The sirens sound. The teacher signals the students
to line up fast yet safely. The halls are filled with students, teachers, and
administration one following after the other seeking the ark of safety. Duck
and Cover, Duck and Cover! The sirens sound further and further away as the
winds, rain, and sounds of flying debris drown out its warning. Is this a drill
or is this real? Instead of the laughing, chatter, and excitement associated
with a tornado drill as the siren had been associated with being saved by the
bell you hear screaming, crying, flying objects, and scurrying. You see
children balled up under desks, teachers covering students, you see blood, you
see horror, you see fear. The comfort of a drill when the teachers are able to
report back to the principal that all the students are accounted for; this time
all are not accounted for. In the
military when there are casualties and injuries as long as the person is
identified they are considered accounted for. As the days increase the news
reports that the students are accounted for; some dead, some alive, some
injured but all accounted for. Meanwhile the teachers sit back and play the
drill over in the heads as each student being accounted for are alive, are
well, are prepared to return to the classroom to finish up the school day
realizing that their being saved by the bell had come to an end.
Those alive return to their homes with no house.

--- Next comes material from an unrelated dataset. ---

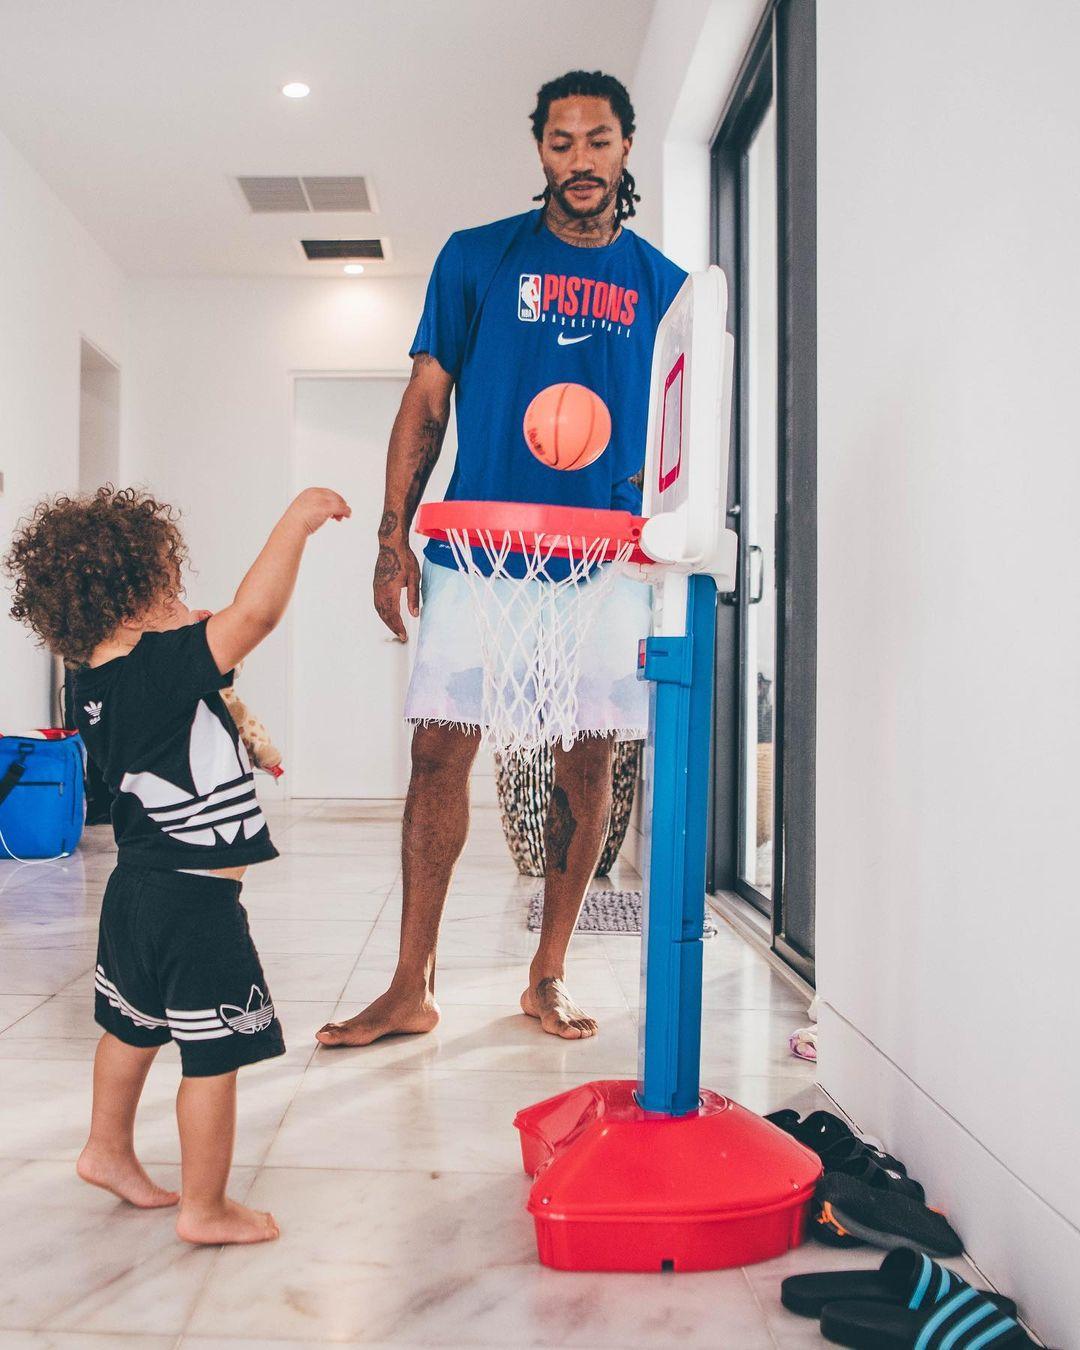 其乐融融!罗斯带儿子玩儿童篮筐

Some parents have students while some don’t. Some students have parents while some
don’t. All over the world we watch, we
pray, we give, we reflect . We depend on the news to paint a picture that truly
does the disaster no justice as a community sits under rubble and emergency
responders are on post to prevent looting. As national and local officers come
together to aid the victims in their distress, we all wait and hope for a day
of restoration, we hope for rebuilding efforts to be expedited, we hope hearts
become mended and a gleam of understanding is retrieved as families find bibles
in the rubble and pictures unharmed by the disaster. We hope for schools to be
rebuilt and the halls become filled once again with teachers, administration,
and students lined one behind the other gleaming at being saved by the bell.
Leaving you
with the written words of Oscar Hammerstein II and Music
by Richard Rodgers:
Oklahoma, where the wind comes sweepin'
down the plain,
And the wavin' wheat can sure smell sweet
When the wind comes right behind the rain.
Oklahoma, ev'ry night my honey lamb and I
Sit alone and talk and watch a hawk makin' lazy circles in the sky.
We know we belong to the land
And the land we belong to is grand!
And when we say--Yeeow! A-yip-i-o-ee ay!
We're only sayin' You're doin' fine, Oklahoma! Oklahoma--O.K.
And the wavin' wheat can sure smell sweet
When the wind comes right behind the rain.
Oklahoma, ev'ry night my honey lamb and I
Sit alone and talk and watch a hawk makin' lazy circles in the sky.
We know we belong to the land
And the land we belong to is grand!
And when we say--Yeeow! A-yip-i-o-ee ay!
We're only sayin' You're doin' fine, Oklahoma! Oklahoma--O.K.